Justicia y política

Juan Manuel Fernández TRIBUNA

OPINIÓN

29 sep 2017 . Actualizado a las 08:11 h.

El debate público acerca de la relación entre la política y la Justicia no es nuevo, habiéndose iniciado en nuestro país en los años inmediatamente siguientes a la transición política, haciéndolo de la mano de un problema todavía latente en nuestra sociedad, el de la corrupción política. Este debate, recurrente en nuestro país y no exclusivo de España, se ha reabierto como consecuencia de las actuaciones judiciales llevadas a cabo en Cataluña como respuesta a determinadas conductas, enmarcadas en el proceso independentista catalán. Múltiples y variadas han sido las reacciones, en un abanico que va desde el elogio hasta la crítica más exacerbada, calificando estas últimas a fiscales y jueces como una especie de brazo armado represor. Además, no son pocos los debates en los que se contraponen conceptualmente Justicia y política, discutiéndose acerca de si es el momento de la una o de la otra, acerca de cuál de ellas es la precisa para resolver «el problema catalán».

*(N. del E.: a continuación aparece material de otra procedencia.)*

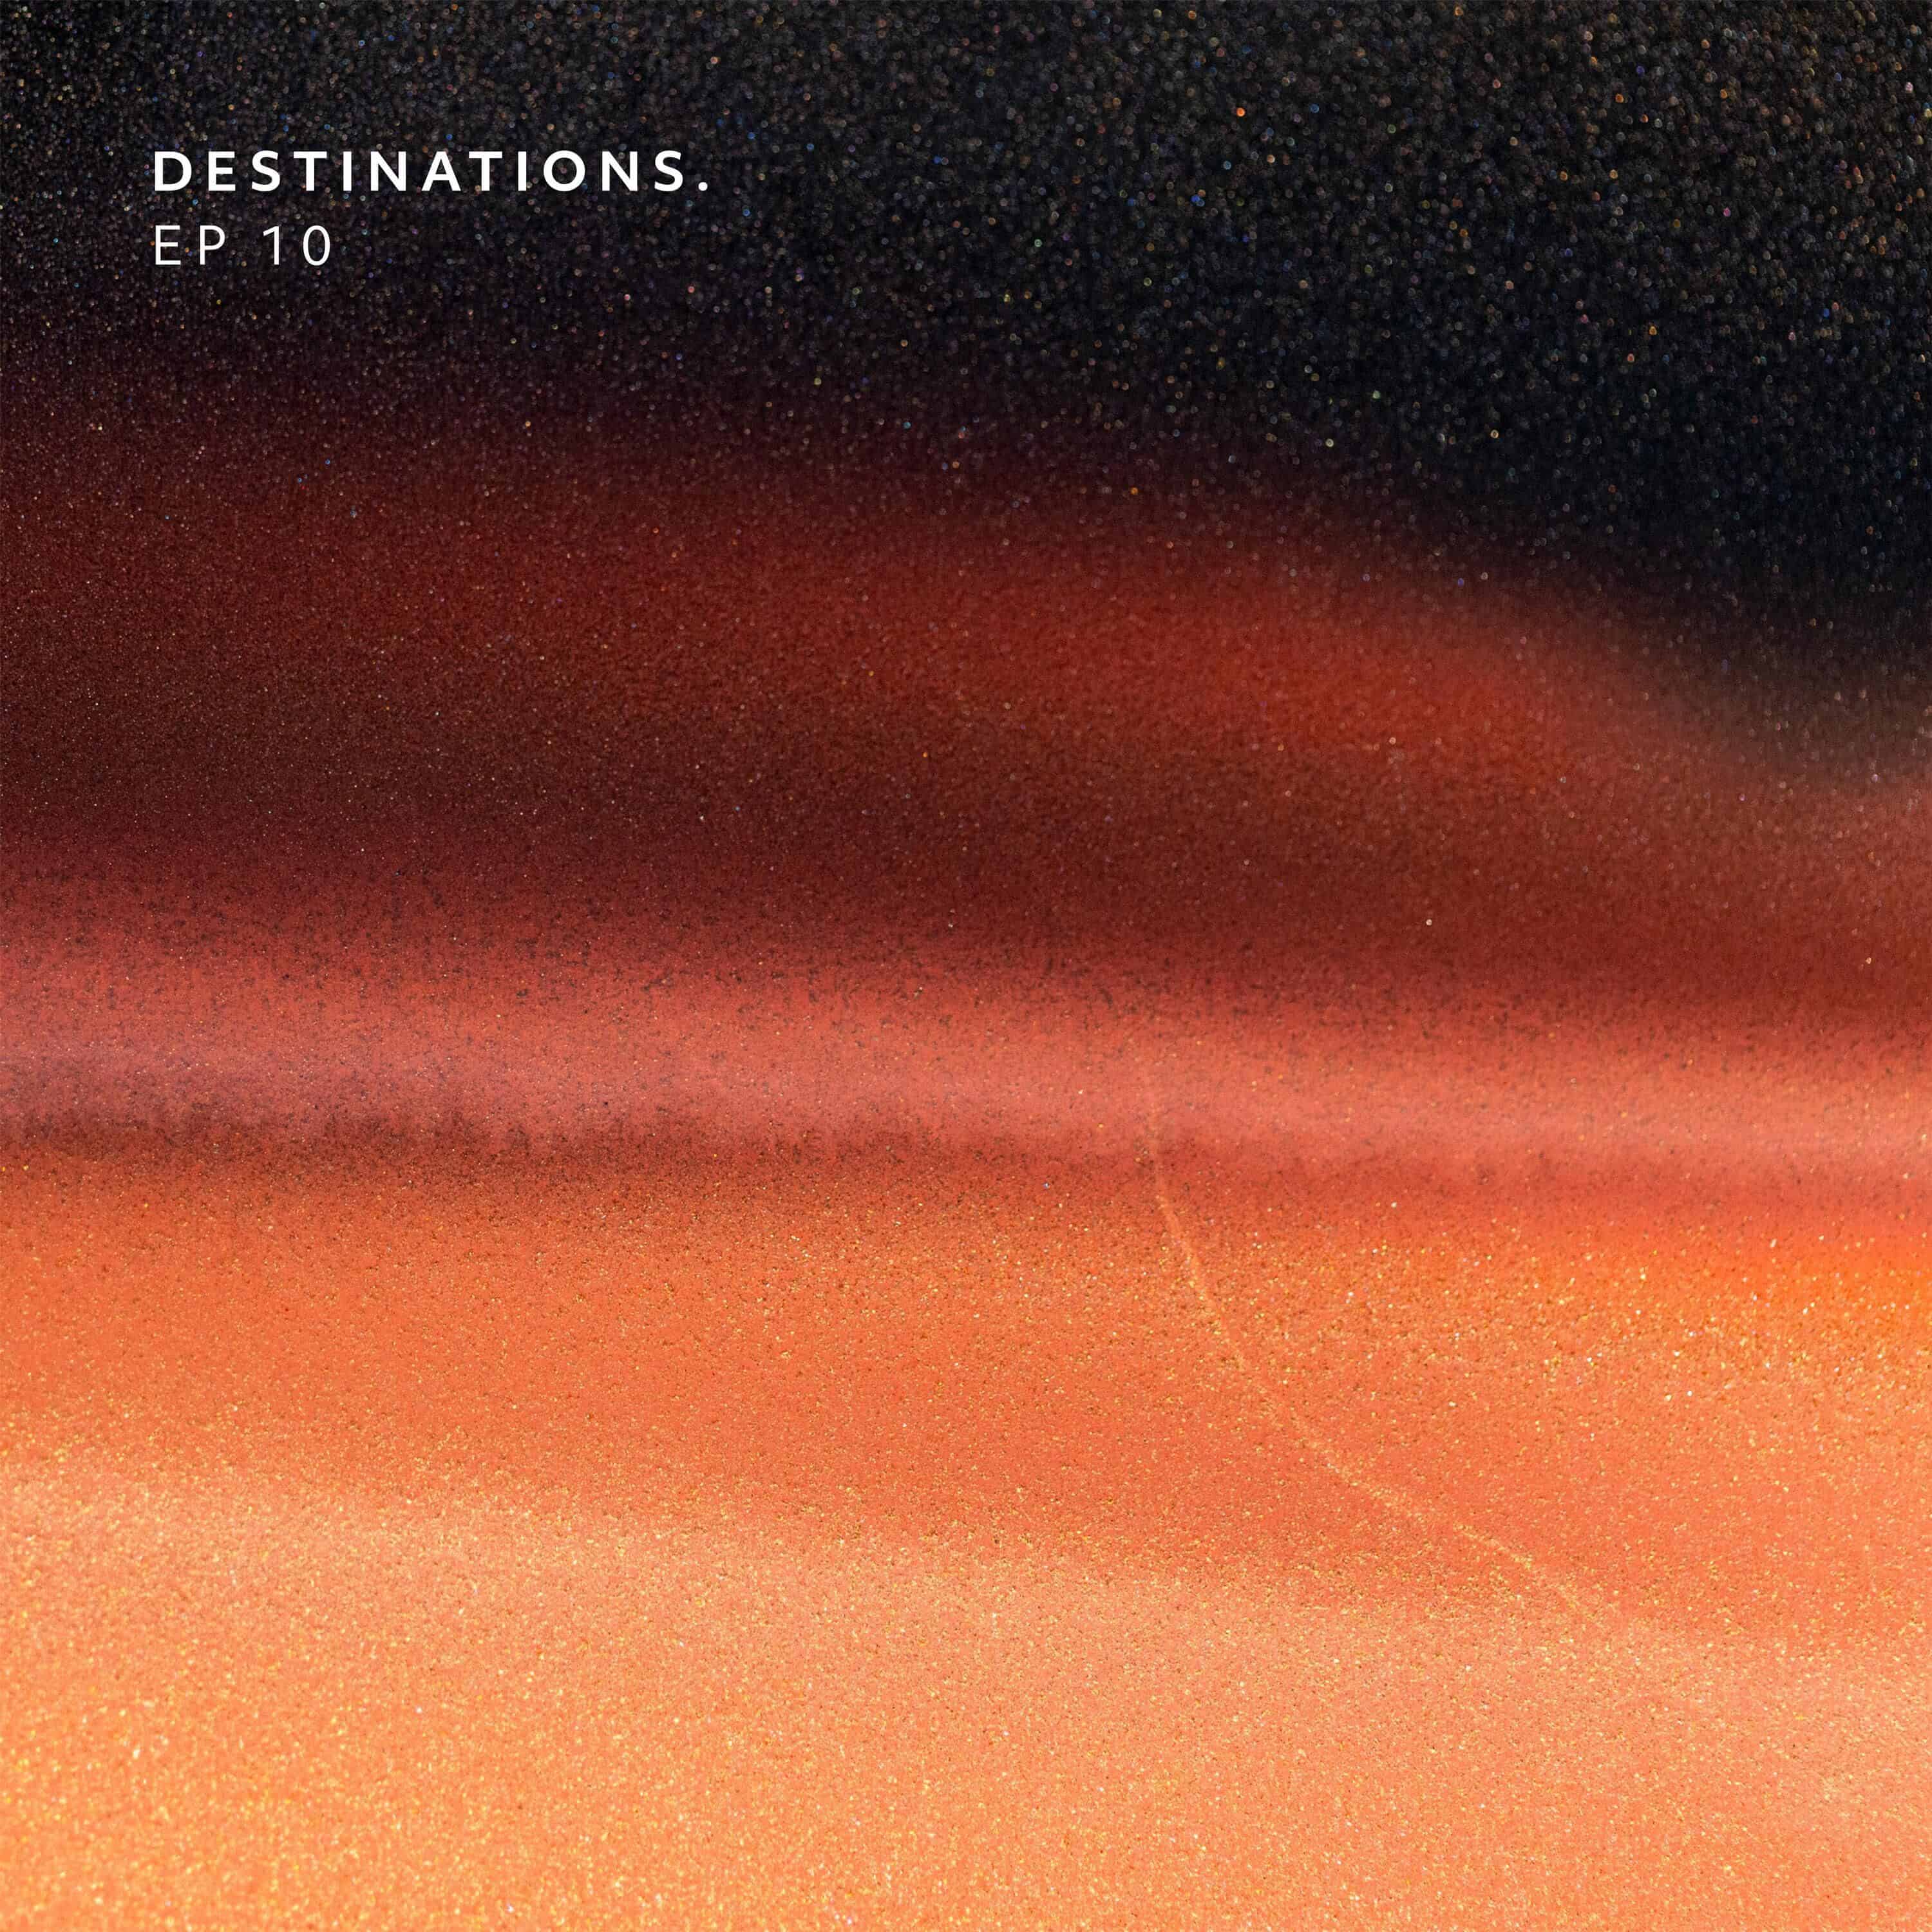 Download Azidax - Destinations. EP 10 on Electrobuzz

La Justicia es un poder del Estado, lo cual no equivale a ser un poder político, considerando como tal al que actúa con arreglo a criterios de oportunidad o ideológicos, como sucede con los otros dos poderes: ejecutivo y legislativo. Estos se articulan fundamentalmente en torno a los partidos políticos y su legitimidad democrática deriva, esencialmente, de procesos electorales. En contraposición, el poder judicial responde al principio de legalidad, hallando el juez dicha legitimidad en el sometimiento a la ley.

Ahora bien, el deber de obedecer la Constitución y el resto del ordenamiento jurídico no es exclusivo de los jueces, pesando también sobre las instituciones que encarnan los otros poderes del Estado, cuyo poder ni es omnímodo ni arbitrario. No es omnímodo porque tiene límites, los derivados del respeto a los derechos humanos y al conjunto de paredes maestras de la organización política y social. Por ello existe un Tribunal Constitucional, que vela por que la producción legislativa que emana de las Cortes o de las Asambleas legislativas sea acorde con la Constitución. Y ese poder tampoco puede ser arbitrario, no pudiendo siquiera buscar cobijo en una mayoría parlamentaria.

Es a la política y no a la Justicia la que le corresponde decidir cuál es el modelo de organización territorial del Estado, cómo han de armonizarse las exigencias de un modelo autonómico y la solidaridad interregional. Ahora bien, definido el modelo, las conductas que pongan en peligro o que vulneren las normas que lo conforman, y que el legislador haya considerado que deban ser punibles, por ser intolerables, han de ser perseguidas por jueces y fiscales. Porque de no hacerlo no solo no cumpliremos con nuestro papel constitucional, sino que perderemos nuestra legitimidad democrática.

Así por ejemplo, y ojalá que no llegue a ser realidad, el artículo 472.5 del Código Penal dice que son reos del delito de rebelión, entre otros supuestos, los que se alzaren violenta y públicamente para declarar la independencia de una parte del territorio nacional. Si ello ocurriera, ni quien lo hiciera podría esconderse tras una sedicente legitimidad democrática ni el juez que lo persiguiera podría ser acusado de estar actuando en interés del Gobierno. El respeto al dictado constitucional no depende de mayoría alguna, ni siquiera dependería de un pronunciamiento unánime, lo cual no quiere decirse que la Constitución no pueda reformarse, pero en tanto esté vigente ha de ser obedecida. Y la defensa judicial de ella es la defensa hecha por un poder del Estado que actúa con independencia y responsabilidad, sin sujeción a instrucciones político-partidistas, en defensa no de intereses quiméricos, sino de los tangibles derechos de los ciudadanos.